Me and King Koopa went out and stuck our dicks into 2D's eye-holes who said "I do not feel good". and we all laughed it off until our death star got attacked by catholic time counter terrorists which wasn't so gr8 and IGN r8ed 0/8. but the circumference of Benito Mussolini proved to be too powerful for the counter terrorists and we were all able to sing our chorus of friendship.
PewdiepieXZed ship didn't sail so we were stuck in a Darude - Sandstorm limbo until the day a triangle had three part-time jobs # Illuminaticonfirmed
Leonard didn't drink his recommended liters of blood today so Sheldon and the gang were pissed as their home got attacked by The Mario Brothers leaving Penny and Lord Vader alone to repopulate the world with only one box of instant macaroni and cheese. but all is not lost cause Shrek is love when trying to circumvent the celestial aura of a stilted nacho platter.

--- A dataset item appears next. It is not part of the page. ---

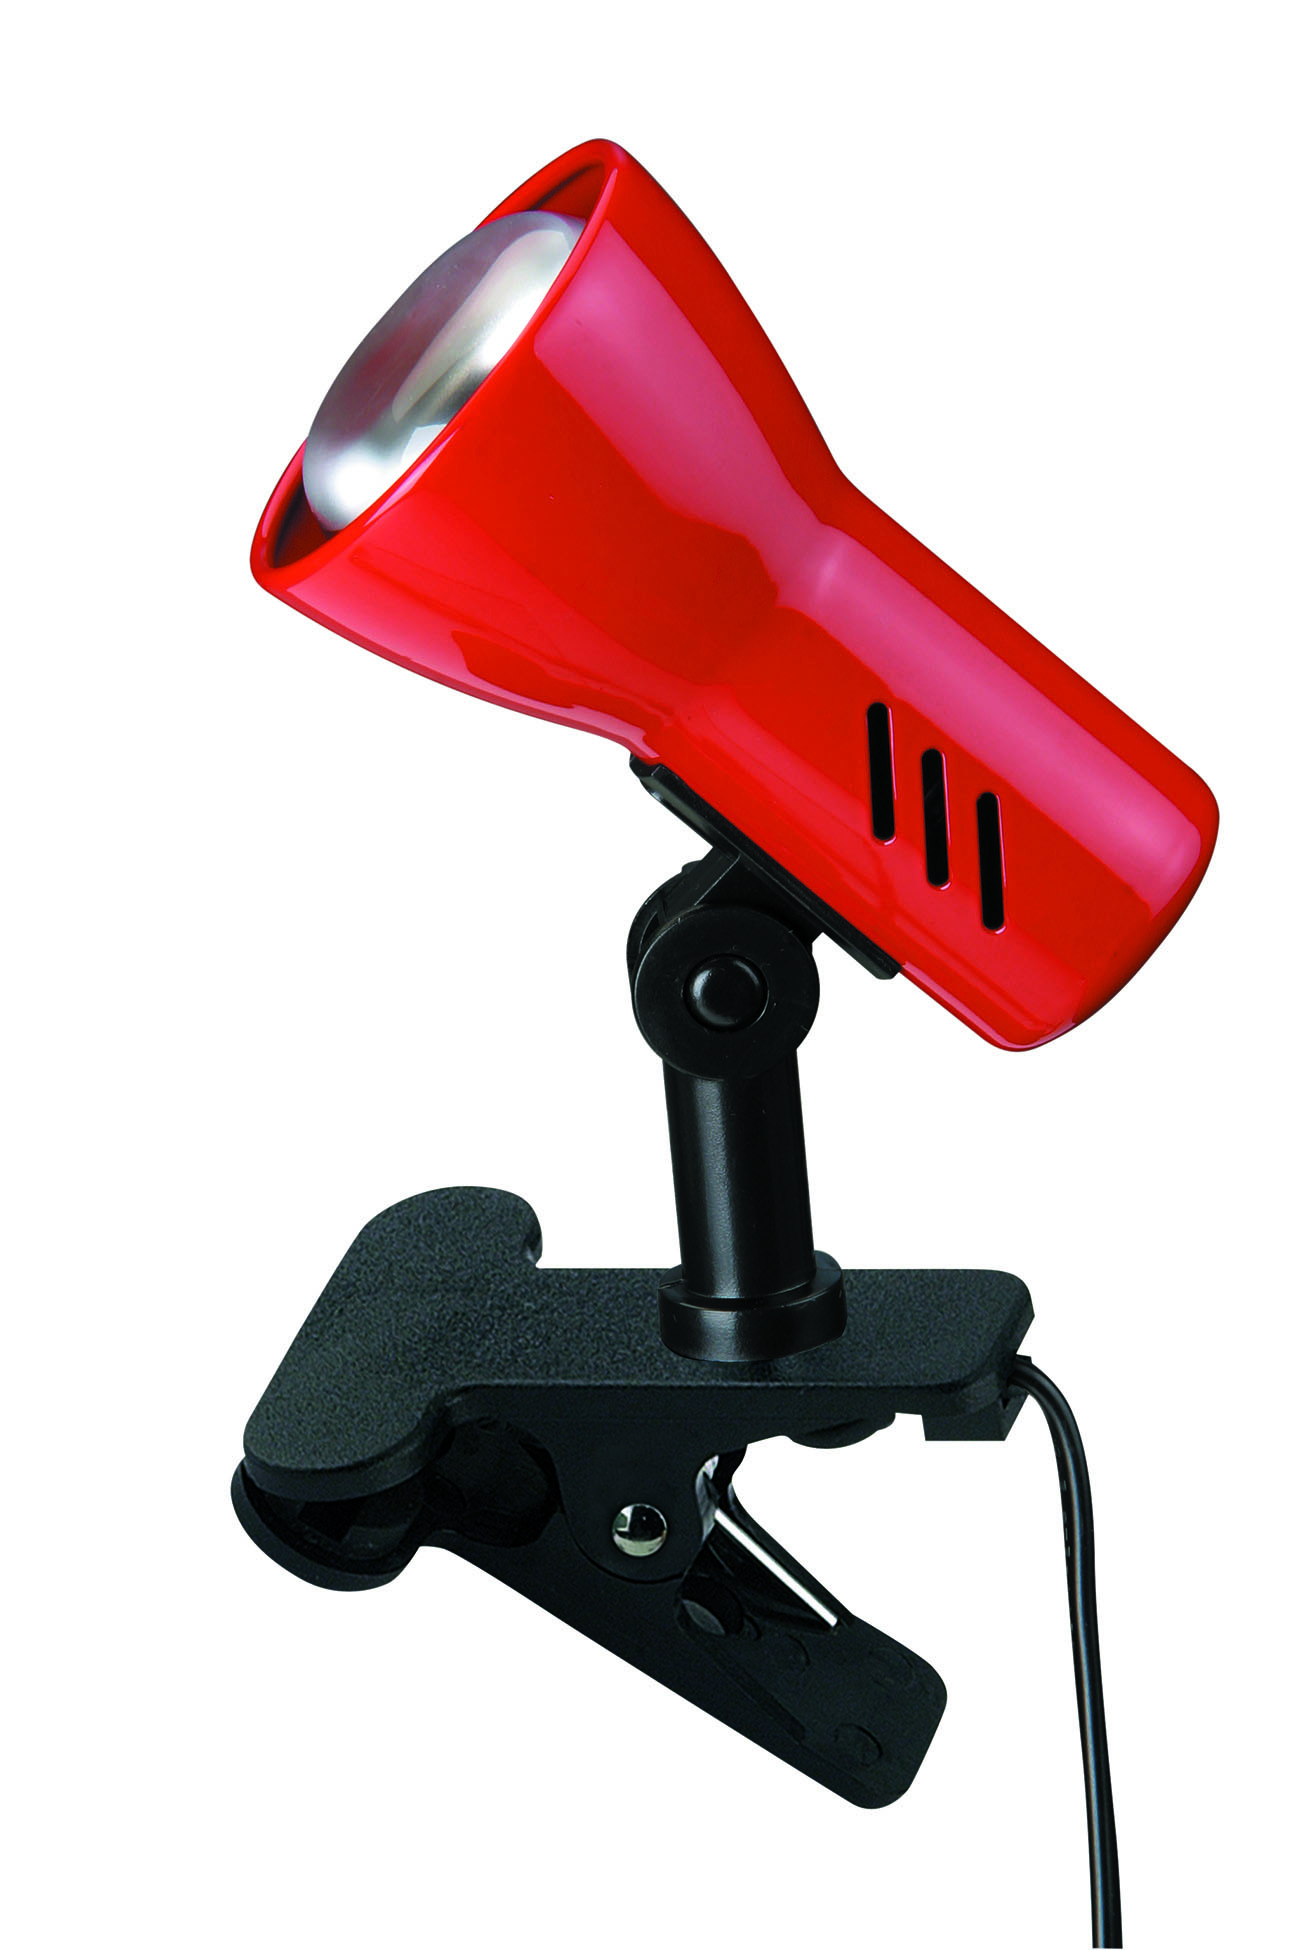 LED Klemmleuchte, 6,5 cm, max. 40 W, Rot

So let's go on a date with Backward Bill and see if he can't deconstruct the Hobbes generator and hope poor Calvin won't be alone waiting for Half Life 3 much longer. "All we have to fear is fear itself" said Jimmy Neutron trying to have a 'brain blast' but Rubeus Hagrid gave him an ACTUAL brain blast with his crossbow, allowing Hiro Hamada to collect his brain matter painted across the lab floor.
Rocking Mre and Mark Velard had a debate over 2+2=the meaning of life, but was eventually settled over a round of Russian Roulette. ^^^That sentence is in the shape of Kanye West # Illuminaticonfirmed
Now if you'll excuse me, I have a date with a Mrs puff. Peace.